There is not a chance in the world I will go to the grand opening, the parking lot is just too small you will have too walk a mile. I have been to Dundee a few times and it was amazing, I have not been there in over a year. I went to Wheeling on the way to a Steelers game and was not impressed. I think I have a pre opening pass for the 6th and if it comes through I will attend just to see if they have ammunition in stock, 22LR, 9MM, and 45ACP. I will still always buy my guns at Vance's. Fishing items the first stop is always Buckeye Outdoors or go to see Judy at Hoover, she just treats everyone so well, I would rather pay her a few dollars more than drive to a large store where the clerks have no idea about what they are selling. Her prices may be a little higher than other places but if you are in the north part of Columbus you don't have to drive to Hebron or to Yuppyville and with the price of gas you most likely will save money while dealing with a wonderful family. Just as a note Judy most likely doesn't even no my name I am sure she knows my face since I have done business there for many years. The Dutchman is a real bait and tackle store, there used to be several on Hoover, I wish I could remember all the names and owners, red bank was one he now has a small shop at county line and sunbury but very little stock, there was one in Galena across from the Clock bar which is now Mudflats and a great place to eat. Of course my personal favorite at the time was Harry and Dots he had a gun license. The Dutchman is the only one left, it is hard for me to drive past and not stop to see if I need to buy something or just buy a cup of coffee.


----------



## MDBuckeye (Sep 29, 2009)

Well said leupy. I feel the same way about the "box" stores. Fin, Feather, and Fur has the hard to find colors and good high end stuff most of the time but it's not close enough to visit more than a few times a year. Judy down at the Dutchman is great to deal with. If I feel I need something quick though I will go to them.


----------



## MDBuckeye (Sep 29, 2009)

Just FYI, Fin Feather and Fur is having their bass fishing weekend this coming weekend.


----------



## AEFISHING (Apr 25, 2004)

I wish they would put a Cabela's in Cincinnati!


----------



## supercanoe (Jun 12, 2006)

I was invited to an early tour of the store this friday. I've heard other people mention these early sneak peaks. Has anyone been to one of these that can tell me if you can buy stuff at these early openings or tours? If it's just a store tour I could care less. If I can buy stuff I will go fore sure..


----------



## Bleeding Minnow (Feb 22, 2012)

nbc4 had a short video tour last night and they did a better job. showed the aquarium. showed a bunch of rods and reels.


----------



## Bubbagon (Mar 8, 2010)

I'll most likely keep rolling out to Buckeye Outdoors for tackle.


----------



## Dovans (Nov 15, 2011)

Buckeye Outdoors little closer to me. Plus I have gotten to know couple of the guys out there.


----------



## jeffersa (Mar 18, 2011)

I work in the fishing department and we have a good variety of soft and hard baits, rods and reels, fly fishing and kayaks and marine gear. 

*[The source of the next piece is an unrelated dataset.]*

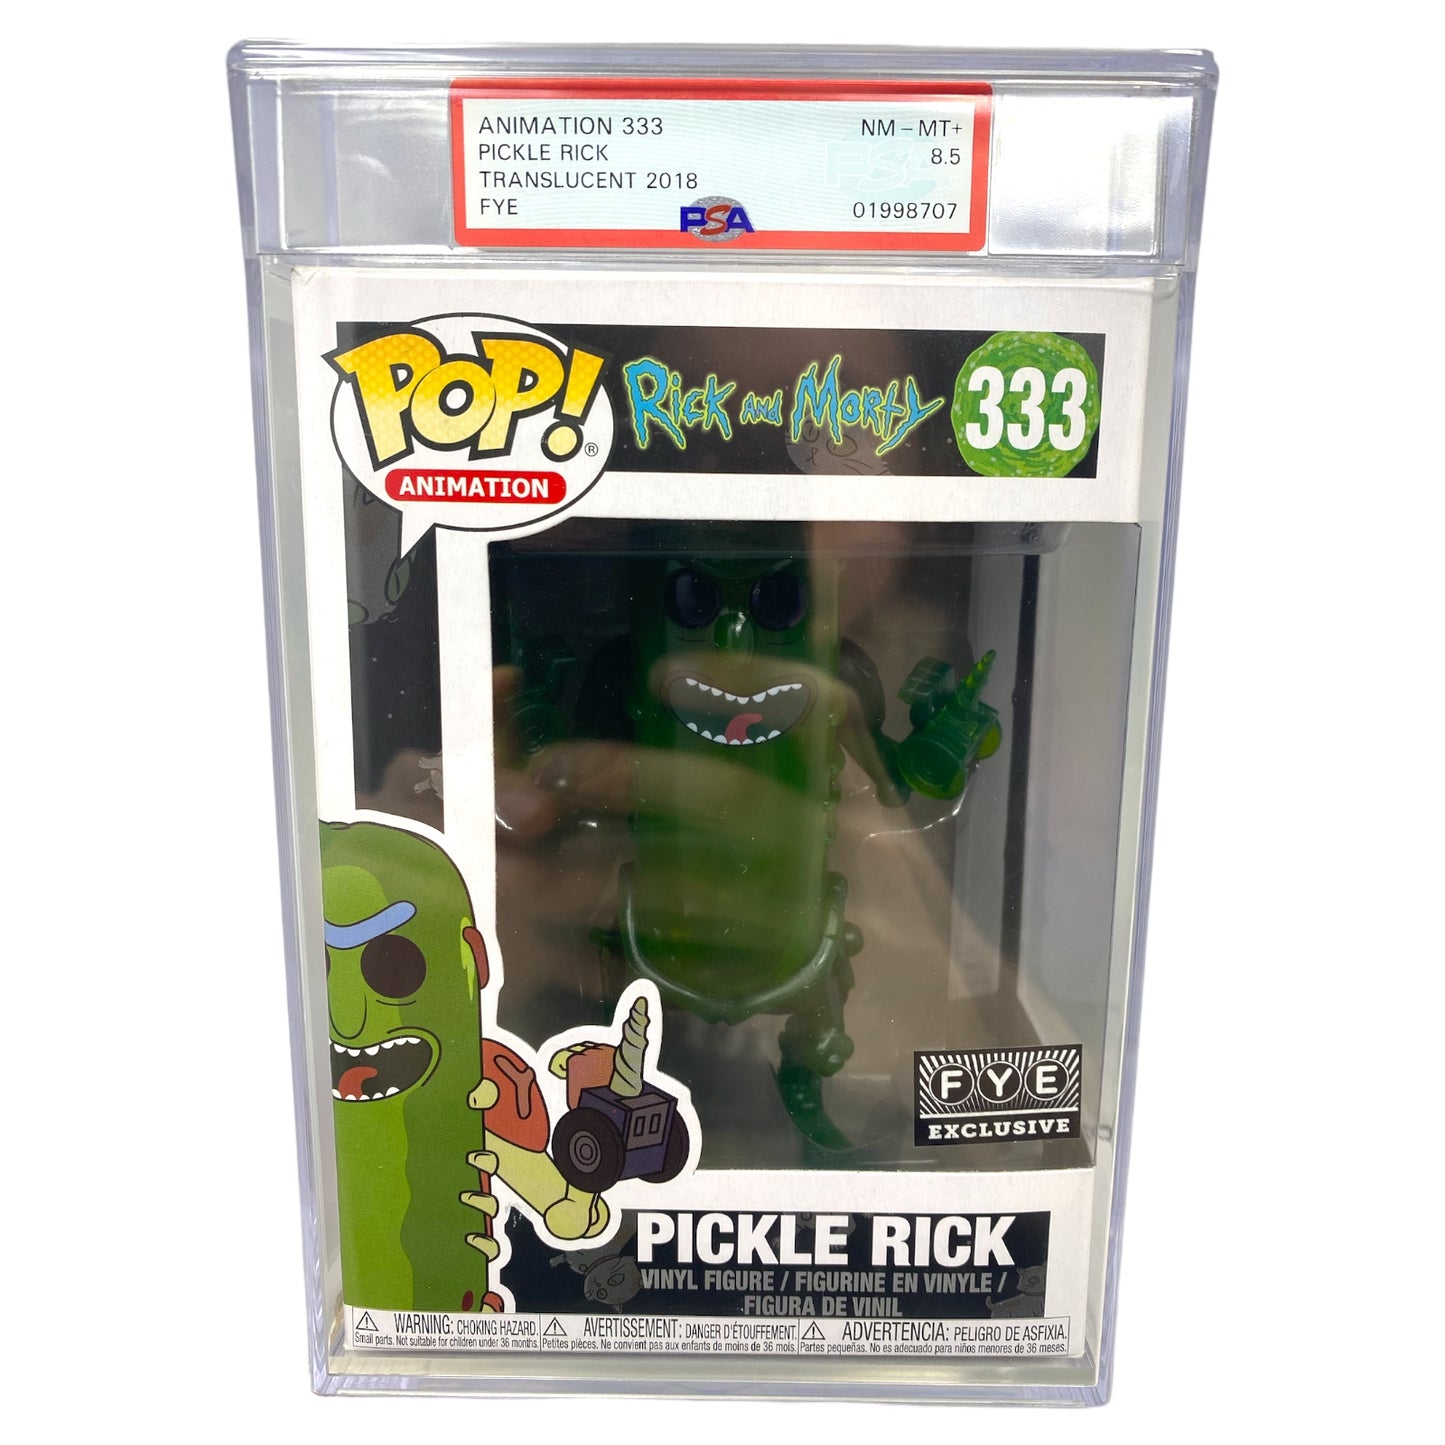 PSA Grade 8.5 2018 Translucent Pickle Rick 333 FYE

Posted using Outdoor Hub Campfire


----------



## puge (May 14, 2009)

Bad Bub said:


> I tried to tell everyone. They are more of a tourist attraction than an outdoor store. It's gonna be mostly clothes and stuff for your home.
> posted using Outdoor Hub Campfire


The markup on clothes, shoes, and toys is huge = greater profit margin. Hence the trend the last 5 years of dicks, gander mountain and others turning into clothing retailers. There just isn't much money to be made on a 5$ crankbait, when you can mark a 10$ shirt up to 30$ you'd have to sell 10 cranks to make the same profit of one shirt. Sucks for us but they are in it for profits, please don't fool yourselves.
They will have stuff no one else has, I had to drive to wheeling to get the muzzzleloader ammo I needed after checking everywhere in a 45 mile radius. Hopefully I wont have to do that again...


----------



## timmyv (Apr 26, 2006)

My wife watched the video with me and I said I guarantee everyone is going to complain just from watching this video. She said why would they complain? I said that's what people do. I didn't have to read very far (1st comment) before I saw a complaint. This person doing the video did a poor job. It's hard to see how big the fishing section is and everything else. It is a smaller store but come on guys quit jumping to conclusions before actually going to the store.


----------



## chad24 (Aug 1, 2011)

Im not gonna judge the store by the video. Channel 10 camera man sucked. Yea...focus on a pink toy jeep ??? This video did not do us any good for what we are about to see opening day im sure. He practically ran past the fishing rods so fast I couldnt tell what they where but focused on a manican with clothes on. I am sure fellas that the fishing section will fit our fishing needs here in Central Ohio. I am hearing that Duck Dynasty will be there.....is this true? Can anyone recap the date for opening day and time ? I read it on here once but figure I would ask again to refresh my memory. We should all meet there and have like a small OGF meet and greet before we go in . Just an idea. Take care all.


----------



## Boostedawdfun (Sep 15, 2012)

Opens thursday march 7th at 11am


----------



## timmyv (Apr 26, 2006)

chad24 said:


> Im not gonna judge the store by the video. Channel 10 camera man sucked. Yea...focus on a pink toy jeep ??? This video did not do us any good for what we are about to see opening day im sure. He practically ran past the fishing rods so fast I couldnt tell what they where but focused on a manican with clothes on. I am sure fellas that the fishing section will fit our fishing needs here in Central Ohio. I am hearing that Duck Dynasty will be there.....is this true? Can anyone recap the date for opening day and time ? I read it on here once but figure I would ask again to refresh my memory. We should all meet there and have like a small OGF meet and greet before we go in . Just an idea. Take care all.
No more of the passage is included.